A Texas man – fatally shot by police – begged the cops on all fours not to shoot him before an officer fired five shots at him.
Daniel Shaver was staying at La Quinta Inn on business in Mesa, Arizona on January 18 when he was allegedly killed by Philip Brailsford, a Mesa Police Department officer who was subsequently fired and charged with second-degree murder. However, prosecutors have disclosed to Shaver’s widow that they will offer Brailsford a plea deal for negligent homicide — a lesser charge.
According to the police report, the officers responded to a man pointing a rifle out of the fifth-floor window of Shaver’s hotel. When they arrived at the scene, the officers had Shaver and the woman in his room, Monique Portillo, exit the room and stand in the hallway. The two were ordered to get on the ground and threatened that if they did not comply with Sgt. Langley’s commands then “there is a very severe possibility you are both going to get shot.”
In an interview with Portillo following the shooting, it was revealed that Shaver had invited Portillo and her co-worker, Luis Nunez, to take shots with him in his hotel room. In his room, he showed them his rifle which Nunez and Shaver began playing with and pointing outside his window.
The report’s description of the shooting was based largely off of body camera footage, which prosecutors and Brailsford’s attorneys are arguing to keep private.
During the confrontation with officers, Langley instructed Shaver to keep his hands interlaced behind his head, his legs crossed, and his eyes down and warned that if he moved, “he may not survive it.”

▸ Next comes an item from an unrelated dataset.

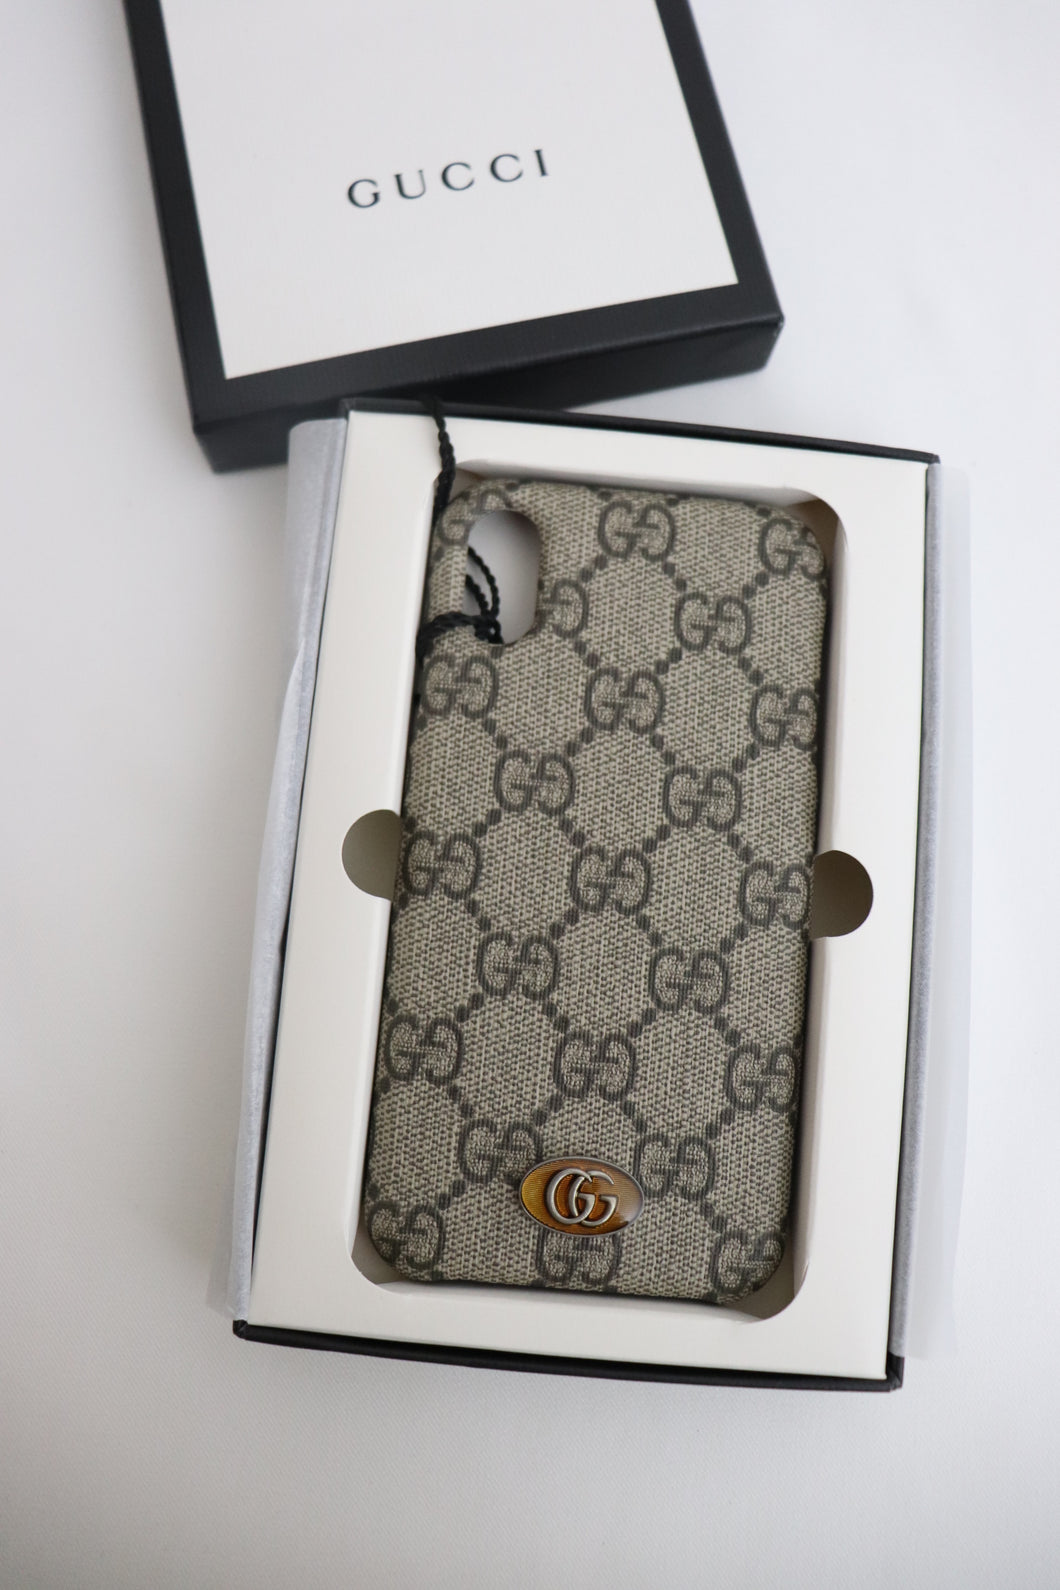 Gucci Ophidia X/XS iphone case

Langley then instructed Shaver into a kneeling position with his hands extended out in front of him, but as Shaver pushed his body up, he put his hands behind his back. Langley then screamed loudly at Shaver about his hands and ordered he place them in the air. The 26-year-old immediately complied and put his hands above his head.
“If you do that again, we’re shooting you. Do you understand?” Langley asked.

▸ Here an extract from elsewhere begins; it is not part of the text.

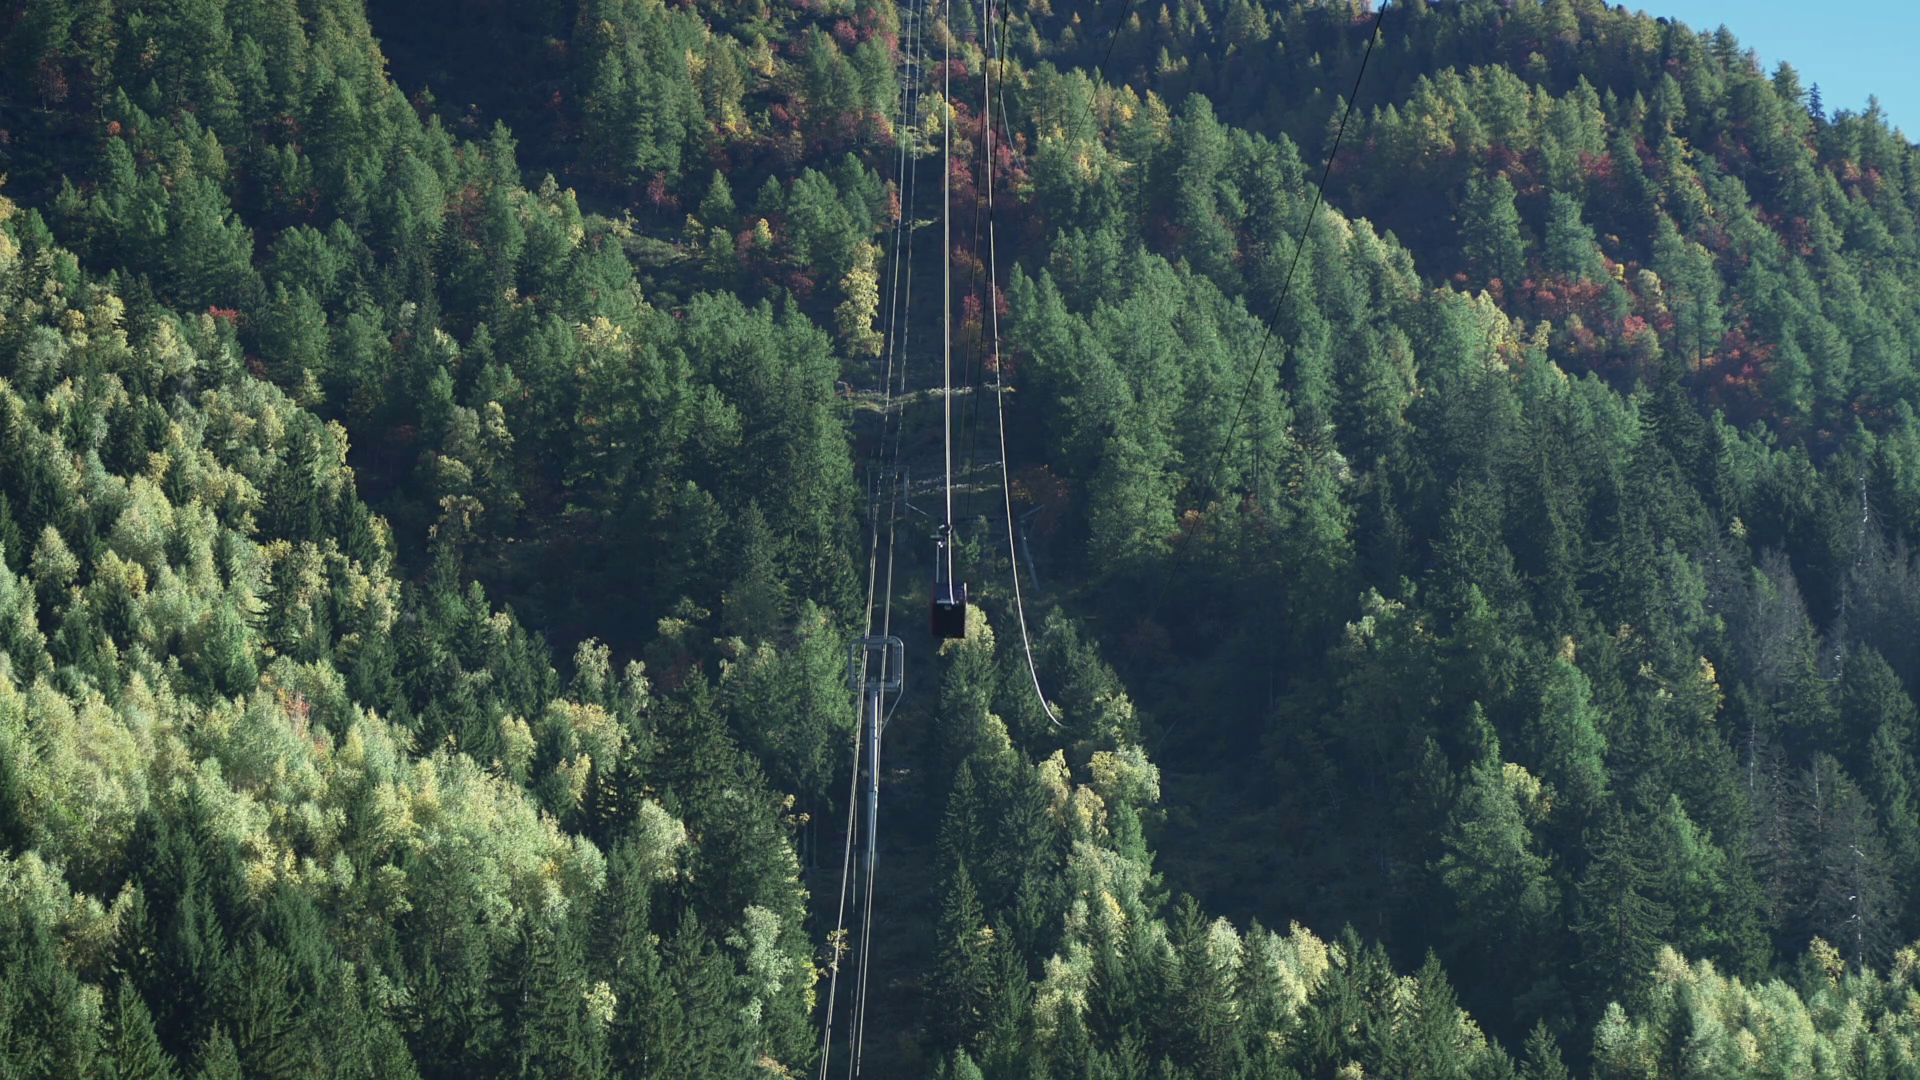 Alpine Forest in Autumn with Cable Car Hanging from Overhead Cables ...

“No, please don’t shoot me,” Shaver responded, clearly panicked.
Langley shouted that if Shaver put his hands behind the small of his back, the officers will shoot him. At this point, Shaver could be heard “audibly sobbing.”
Shaver was then instructed to crawl forward but as he did, he moved his hand behind his back. Officers were heard saying “Don’t” as Shaver moved his hand back to the front of his body. In that moment, Brailsford fired at him.
“The movement of SHAVER’s right arm in the recording was a very similar motion to someone drawing a pistol from their waist band,” the report read.
Yet it also acknowledged a very telling detail:
“SHAVER’s underwear were clearly visible and it appeared his shorts had fallen partially down his leg at that point. SHAVER’s motion was also consistent with attempting to pull his shorts up as they were falling off.”